The drive was quiet, but Gale’s mind raced louder than the engine. Every few seconds, he’d glance at Harriet, then quickly back at the road. Her profile was familiar after all these years of friendship, but somehow different in the fading afternoon light. Was he reading too much into things? Maybe she just pitied him.
But there was something about the way she sat there, calm and present, that made his racing thoughts slow just a little. Like maybe he didn’t have to figure it all out right this second. Likemaybe it was okay to just drive, and breathe, and let whatever this was unfold in its own time.
Pulling into his driveway, he cut the engine and turned to her. His heart was pounding like he was about to step onto the ice for sudden death overtime.
“I want to say something,” he started, his voice rough with nerves, but he needed to speak his piece, release the pressure that had been building.
“Gale,” Harriet said, her expression unreadable in the shadows of his car. Her hands were clasped tightly in her lap. “Before you continue, there’s something I need to say first.”
His stomach dropped. All the air seemed to leave his lungs at once. “Okay...”
Harriet took a deep breath. When she turned to face him, her eyes were fierce with something that made his pulse jump. “There is clearly something going on here.
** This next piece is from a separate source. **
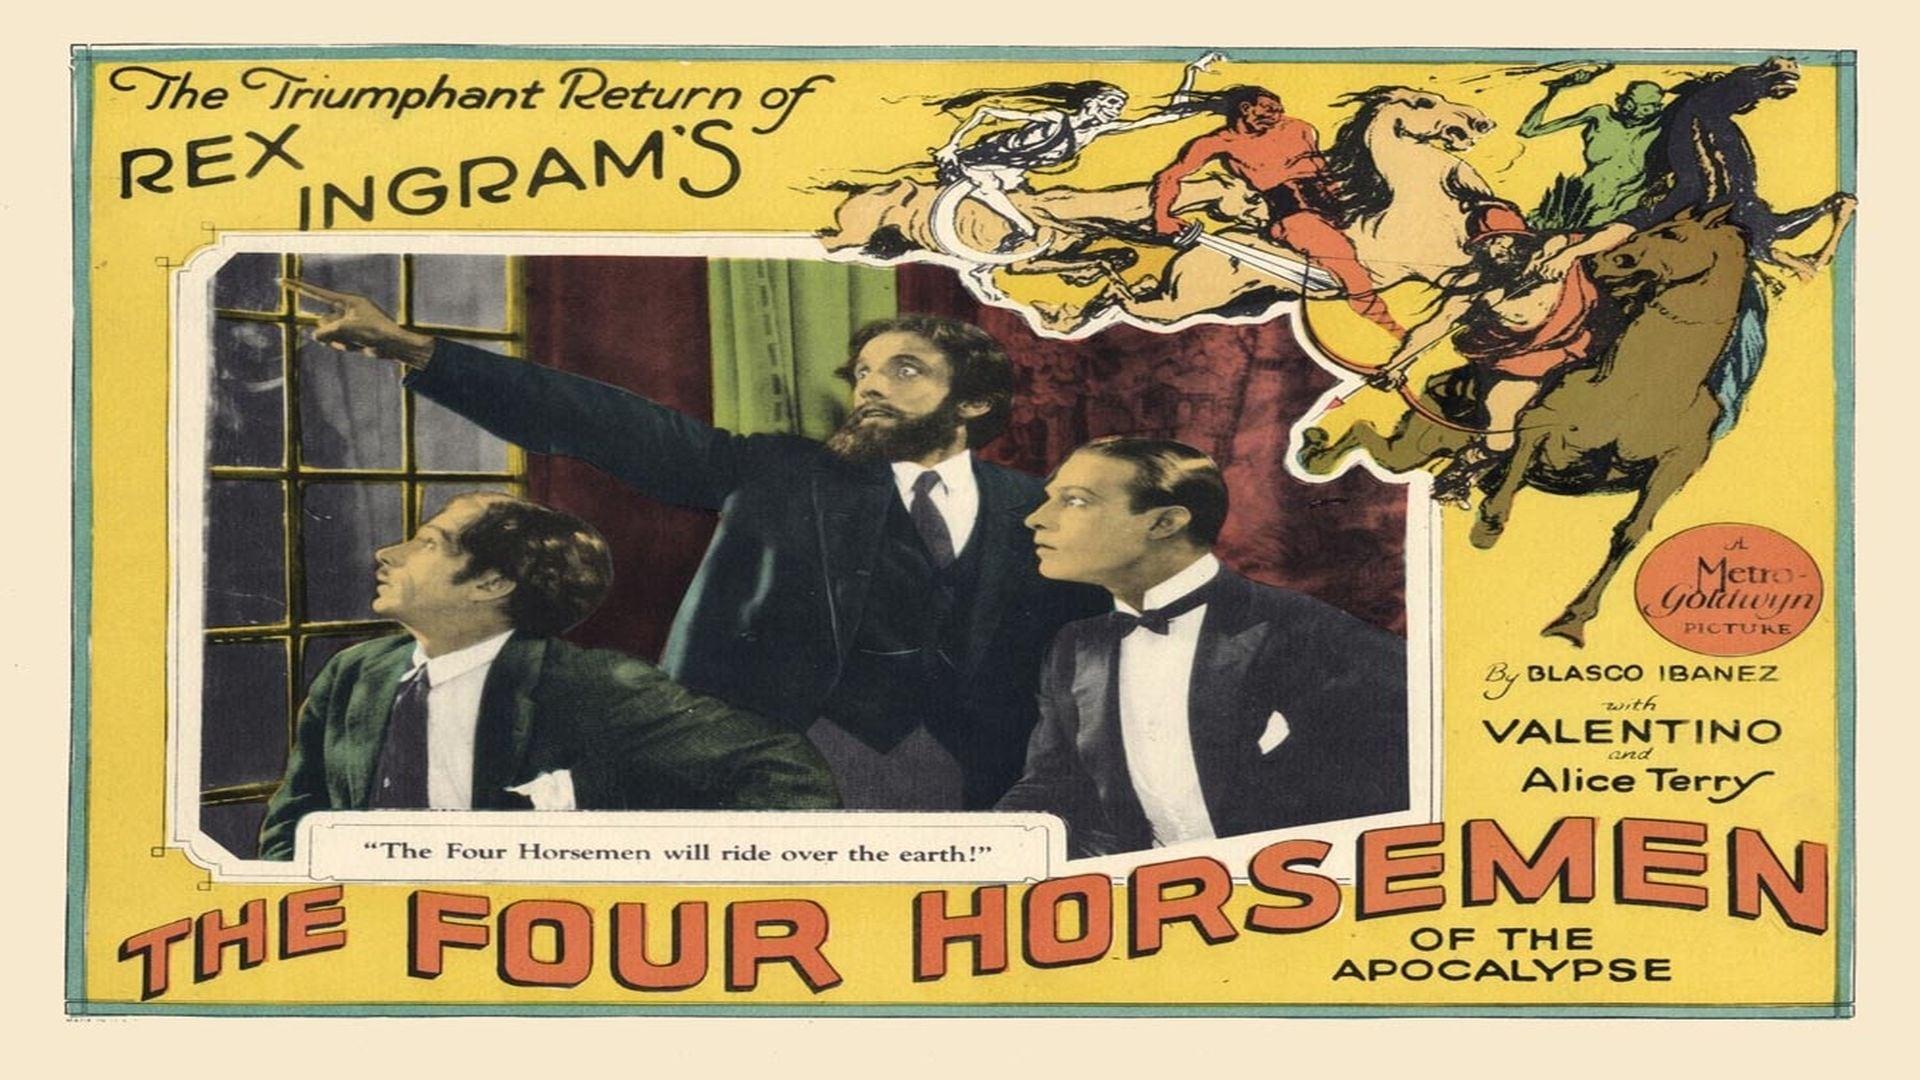 vicente blasco ibanez the fours horsemen of the apocalypse pdf

We don’t keep crashing into each other’s mouths for nothing.”
“Yeah,” he admitted, throat tight. “I know. And I get that it’s...”
“Complicated?” Harriet offered.
“Exactly.” Everything they’d been building—not just this past week but their entire shared history—felt balanced on this moment.
They sat in silence, rain beginning to patter against the windshield. When Harriet spoke, her voice was rough with emotion she’d clearly been holding back for too long.
“I’m not asking for promises. But I’m interested in exploring where this goes. You?”
He nodded, warmth spreading through his chest. “I am. It’s just—I’ve wanted this for a long time.”
“Me too.” There was a history in those two words—all the looks that had gone on a little too long, all the conversations that hadskirted the edge of something more. She glanced out the windshield as the rain began to fall harder. “We should head in.”
He hesitated, then nodded. “Yeah, good idea.” His voice was hoarse.
As they got out of the truck, the rain started to fall in earnest. They quickened their pace toward the house, Gale suddenly aware of every inch of space between them, of the way Harriet’s shoulder brushed his as they hurried through the downpour.
At the door, he paused. “Harriet, I—”
She cut him off with a look that left him struggling to remember how to breathe. “Go inside, okay? We can talk more. Or not.”
His fingers went clumsy on the door code. He’d thought about this moment so many times, but now that it was happening, his brain felt waterlogged. He took a deep breath, got the door open, and stepped aside to let Harriet in. This was it. No more careful distance. Whatever came next, at least he wouldn’t have to wonder anymore.
Chapter Seventeen
The second I cross Gale’s threshold and slide off my ballerina flats, a flutter starts deep in my stomach. The quiet of his house presses in around us, broken only by the soft patter of rain against the windows. I can feel him behind me, not touching, but close enough that each breath feels like it might tip us over some invisible edge we’ve been balancing on. My heart hammers against my ribs—all those late-night fantasies about taking control, about making him beg, and now here we are. What if I got it wrong? What if I’d misread those little signals, the way he yielded when I kissed him, how his breath hitched when I gave orders?
“Hold up,” he says, flicking on the foyer light—his large wooden chandelier hangs above us, its oak arms extending outward to hold several glass-shaded lights, casting a warm glow throughout the entryway. I don’t miss the fact that his ears are red or that he is looking in every direction except my gaze. God, the way he’s avoiding eye contact makes my mouth go dry, makes me want to grab his chin and force him to look at me.